A few years ago her father asked her if she’d thought about starting her own company.

“Why would I want to do something like that?” was her initial response. “But he planted the seed and ultimately, I decided that was what I wanted.

“I’ve always been a hard worker as I always felt I had to prove myself because of my last name and my age. Those were the two factors that have pushed me harder to be better and to educate myself to know what I’m talking about.”

Still, she appreciates being part of a building legacy. “The fact that family built such a great and diverse group of companies has only come to benefit me and they helped propel me forward with their expertise on development.”

Opus Homes launched in 2011 and DeGasperis-Ronco has found herself in rare company as one of only a handful of women at the helm of home-building companies in Ontario.

She had a clear vision for how she wanted Opus to differentiate itself.

“The first priority is client relations and educating and informing buyers,” she says. “We don’t want them to feel blindsided by the home-buying process. We want to keep they very educated and involved in the entire process.”

Calling on her decor background, DeGasperis-Ronco wanted to create distinctive upscale features that buyers get as standard in every Opus home (which so far have been geared to second or third-time buyers). These include eight-foot solid panel front doors, limestone fireplaces and stand-alone tubs in master ensuites.

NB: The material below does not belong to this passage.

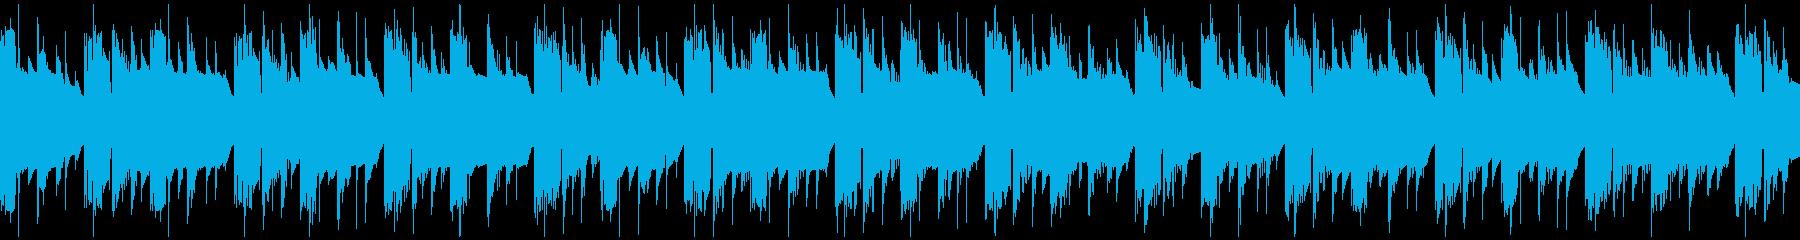 レトロなゲーム風BGM1 ループ仕様の再生済みの波形

“I think people appreciate those features and it helps us stand out from the crowd,” she says.

The company started by looking for small sites in excellent locations. Opus Homes’ first site, River’s Edge in Brampton, offered detached homes on 40-, 50- and 65-foot lots and only two of 36 are still available. When Endeavour in Whitby launched in late January, 22 of 28 lots sold on opening weekend. Endeavour includes detached homes on 40- and 50-foot lots, in a double cul-de-sac surrounded by forest.

DeGasperis-Ronco says a sound marketing program has helped get Opus off to a successful start and the company has relied heavily on database and email marketing and giving a professional sales pitch. When people call or email Opus, they get a personal response from DeGasperis-Ronco or one of her team members.

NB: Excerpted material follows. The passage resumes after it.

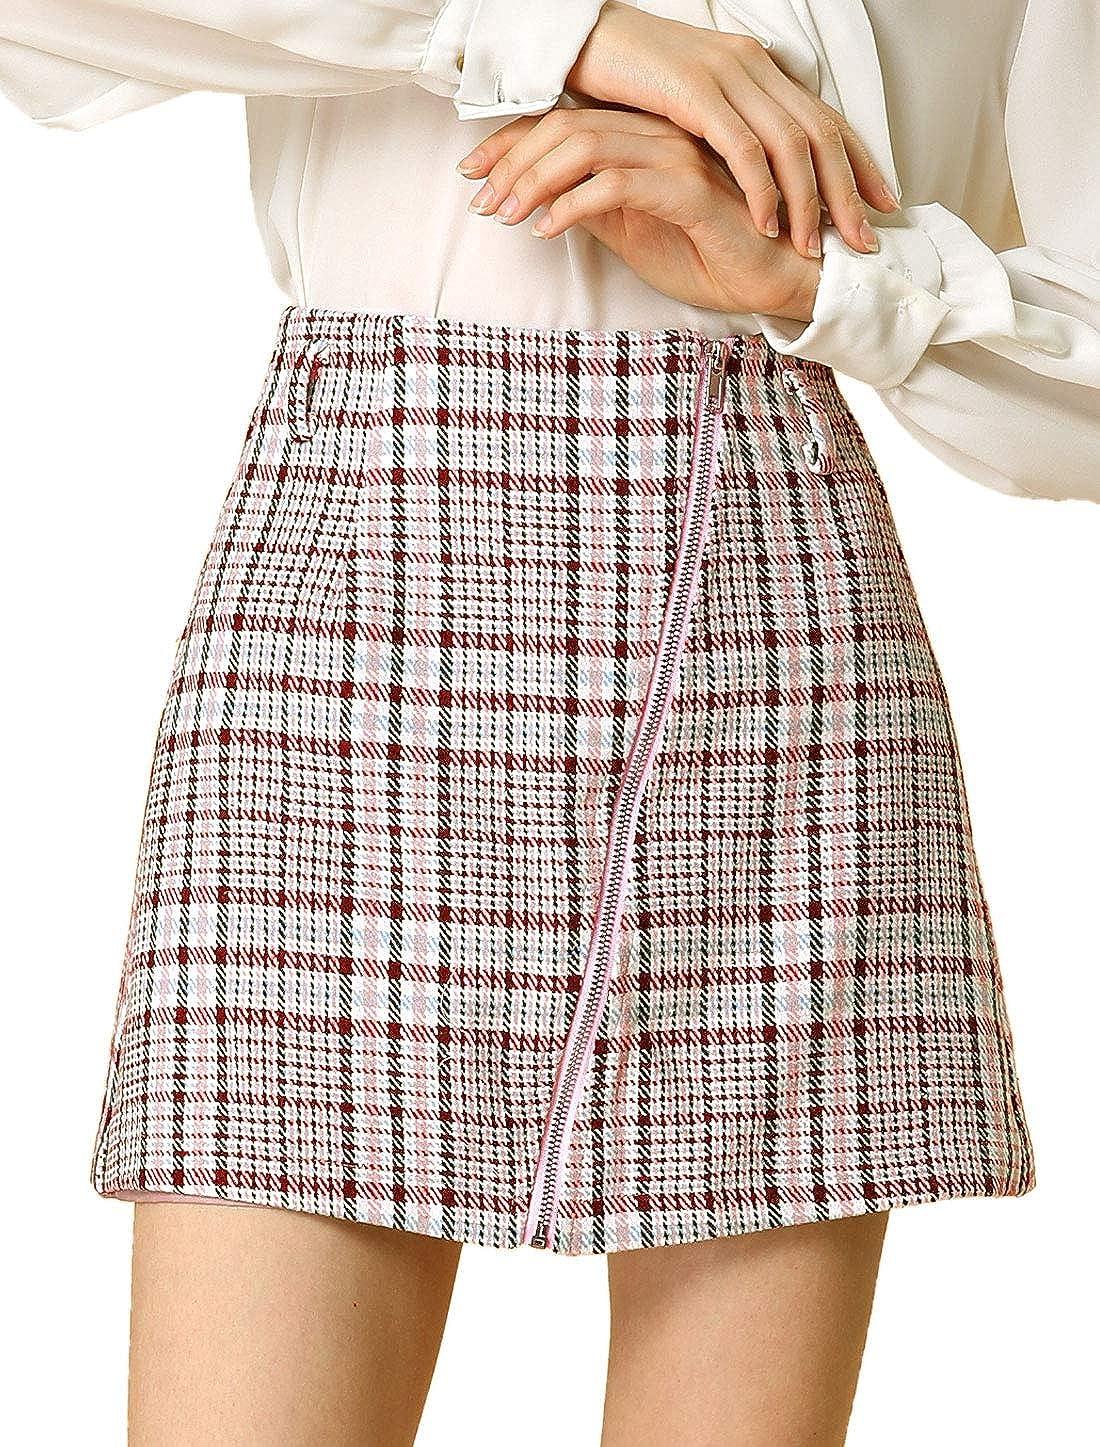 Allegra K Women's Plaid A-Line Front Full Zip High Waist Mini Skirt with Belt

Sustainability is another important part of the Opus philosophy. As well as energy-saving and eco-friendly features in its homes (heat recovery ventilators, dual-flush toilets, Energy Star appliances and lighting fixtures, products made from recycled or renewable materials), Opus has adopted a corporate green policy, using motion sensors to trigger lighting, using recycled paper, using natural light as much as possible and using filtered water served in glass or ceramic vessels with no plastic bottles allowed.

“You can’t just talk the talk, you have to walk the walk,” says DeGasperis-Ronco.

GIVING BACK

Instead of giving a traditional closing day gift to its buyers, Opus Homes has created the Families Helping Families program.

Buyers can choose from several charitable organizations that Opus supports and the company will make a donation in the buyers’ name. Those charities include the Ride to Conquer Cancer, Earth Rangers, the Salvation Army (Brampton) and the ETA Vaughan women’s shelter.

Carlo DeGasperis has participated in the Ride to Conquer Cancer for the past five years and in 2010 was the top contributor to the cause. Opus also contributed to CTV’s Toy Mountain in 2011.

“I’ve been very privileged in my lifetime and been given a lot of opportunities and I need to pay it forward,” says Andrea DeGasperis-Ronco.